If you are already operating at a senior level around the board table, the question is whether your chair capability is visible, recognised and connected to succession conversations early enough.

Chair readiness is demonstrated in how you frame decisions when discussion becomes circular. It shows in how you connect performance to long-term strategy and risk appetite. It shows in how you handle tension, neither avoiding it nor escalating it unnecessarily. It is evident in whether accountability improves after you intervene. Many experienced women directors are already exercising this authority.

The difference between being a strong director and being considered for the chair often lies in whether that system-level leadership has been exercised in ways that the board can clearly see and name. Committee chair roles, leading a board evaluation process, shaping succession planning discussions or resetting the annual work programme are not administrative tasks. They are moments where governance authority becomes visible.

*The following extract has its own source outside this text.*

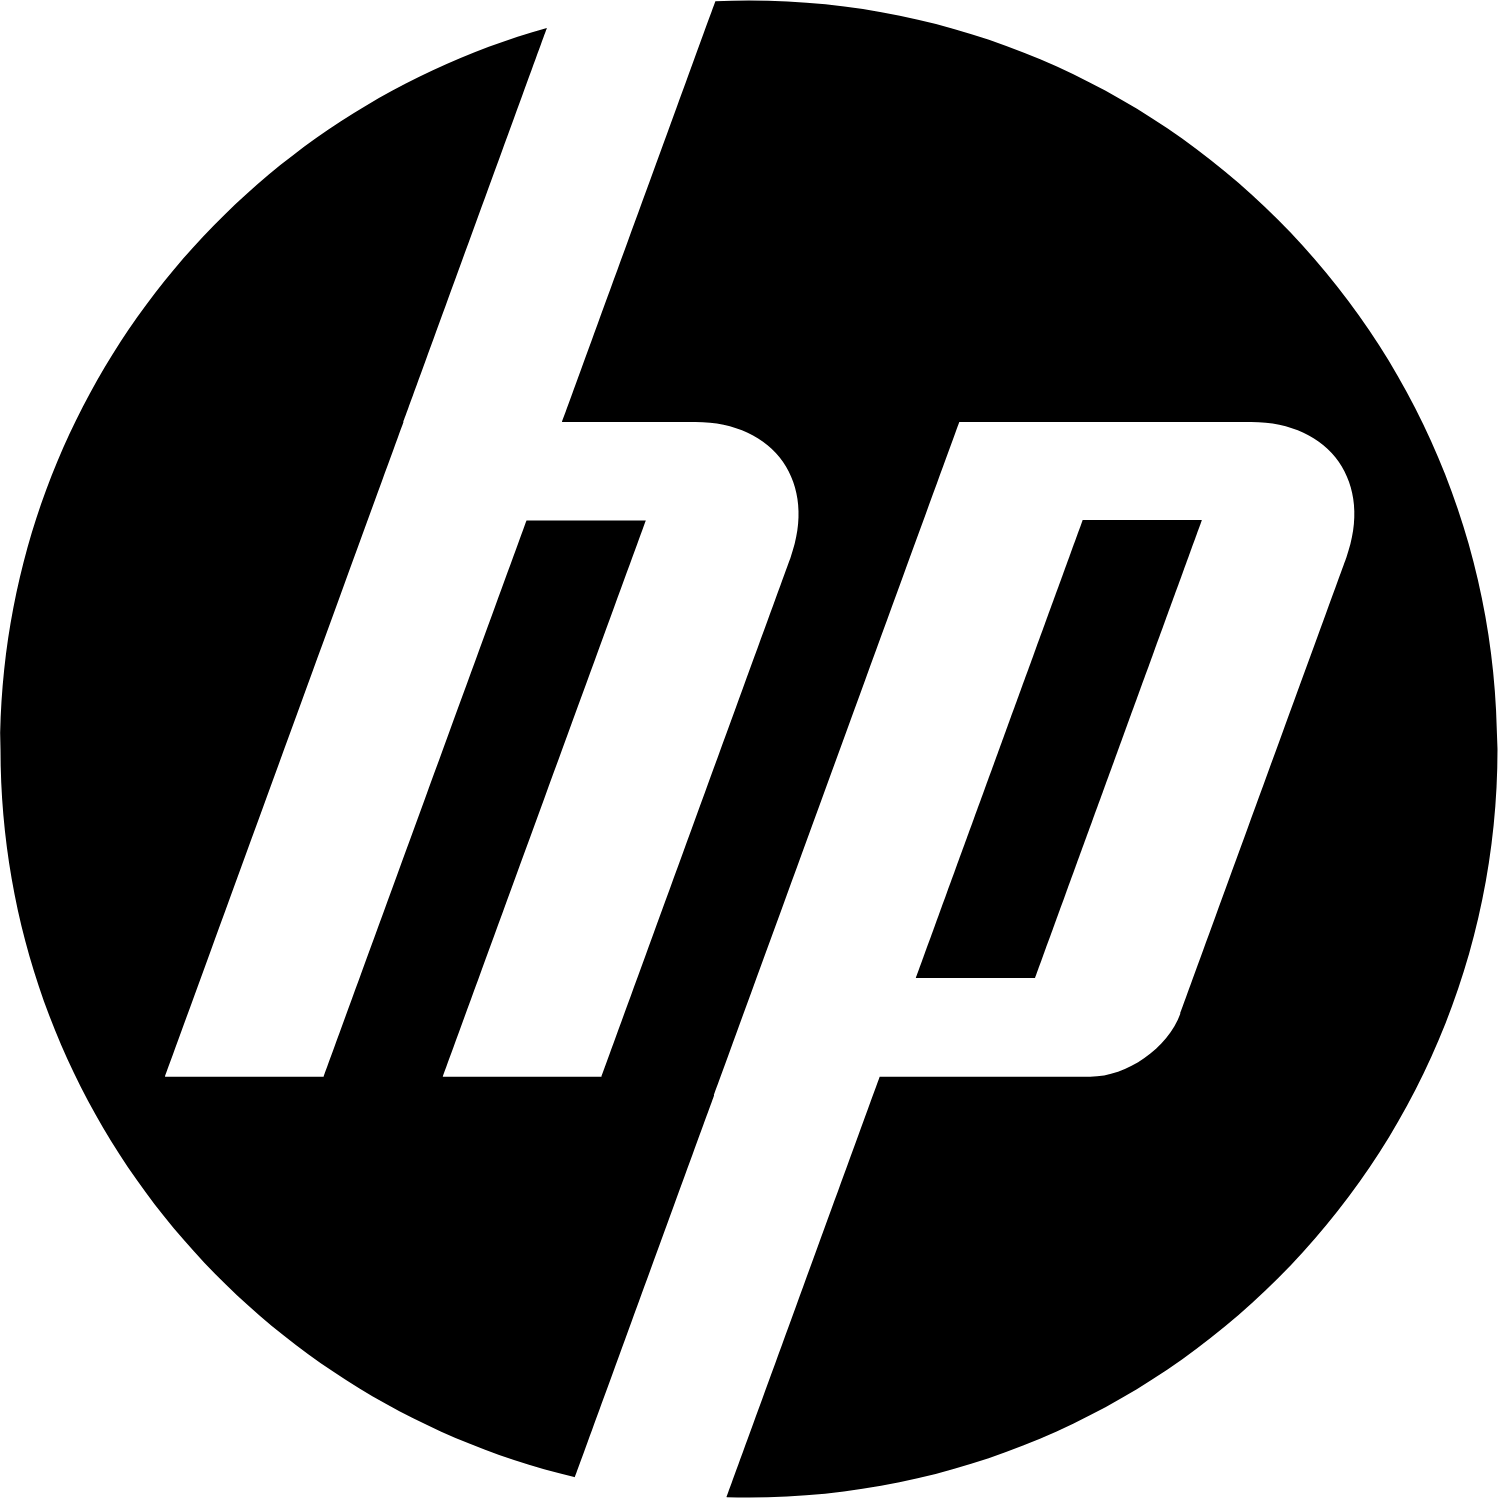 HP logo (PNG transparent)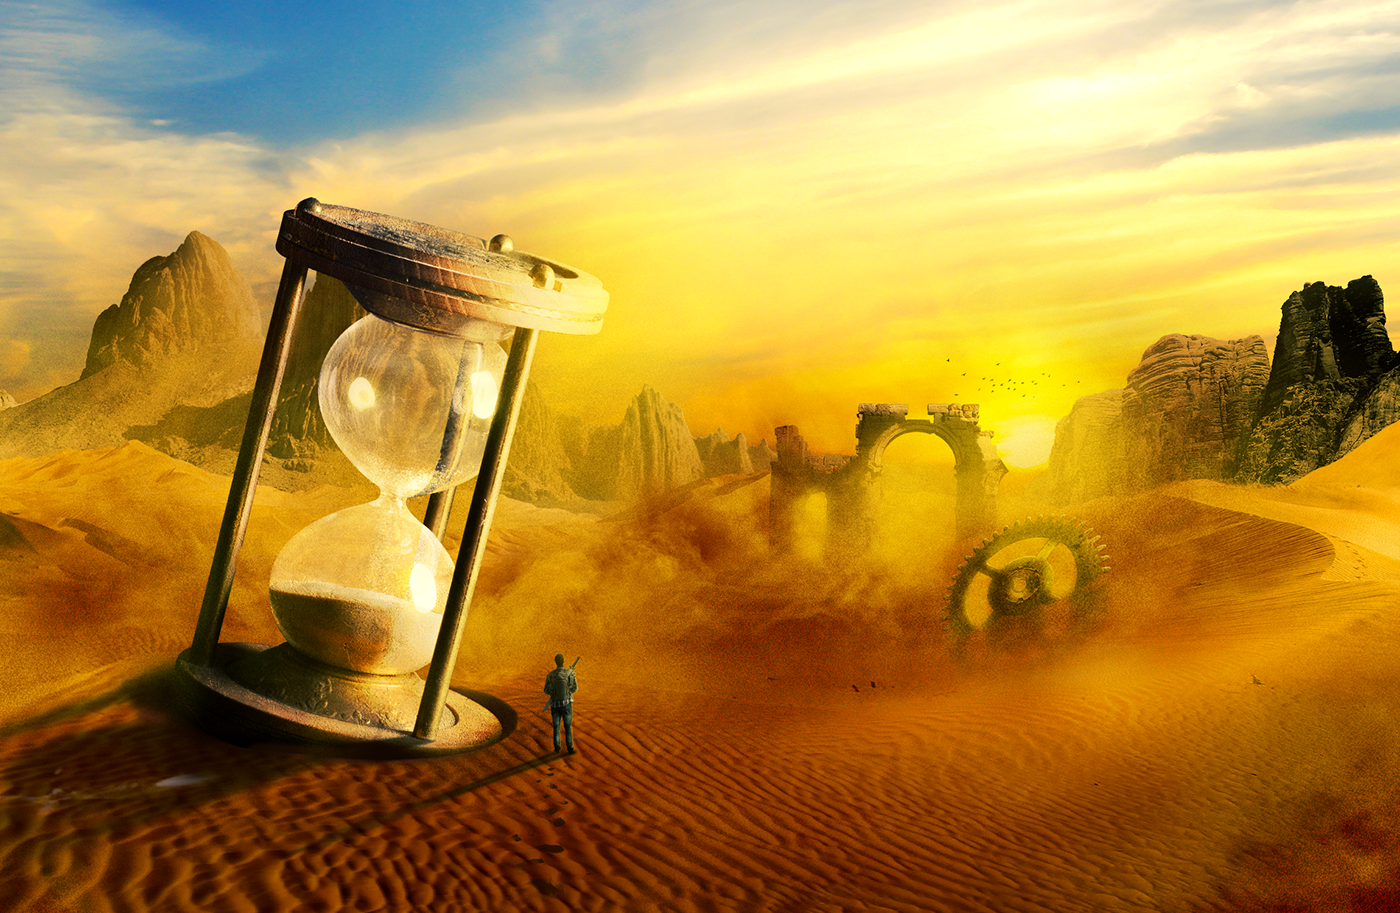 Дали пески времени. Песочные часы в пустыне. Пустыня мистика. Песочные часы в песке. Песочные часы ннапеске.

At the same time, if chair progression is a systemic issue on a board, then the solution cannot sit solely with individual women. Boards need to treat chair succession as a deliberate governance responsibility. That means having explicit conversations about timing, criteria and development, not waiting until a resignation forces a reactive appointment. It requires looking beyond tenure and familiarity to demonstrated system leadership.

For women who do want to move into chair roles, there are some deliberate steps that shift you from “capable” to “considered”:

    • Take on roles that demonstrate system leadership, particularly committee chair positions or governance projects that shape how the board operates 
    • Make your interest in future chairing explicit well before succession becomes urgent. This allows the board to assess you against that pathway, rather than assuming you are content where you are
    • Seek feedback specifically on chair readiness, not general performance. Ask what would need to be evident for you to be considered a credible successor
    • Observe how your current chair holds the system — what works, what drifts and what you would do differently. Chairing is as much about pattern recognition as it is about presence

The data shows both progress and unfinished work. Participation alone does not redistribute influence. Influence shifts when succession is intentional and governance leadership is recognised as capability, not inherited through precedent.

For women already shaping governance at the table, the move to chair is not about status. It is about choosing to accept responsibility for the quality of the governance system itself – how it thinks, how it challenges and how it renews.

That choice, increasingly, is one that boards need to see and plan for.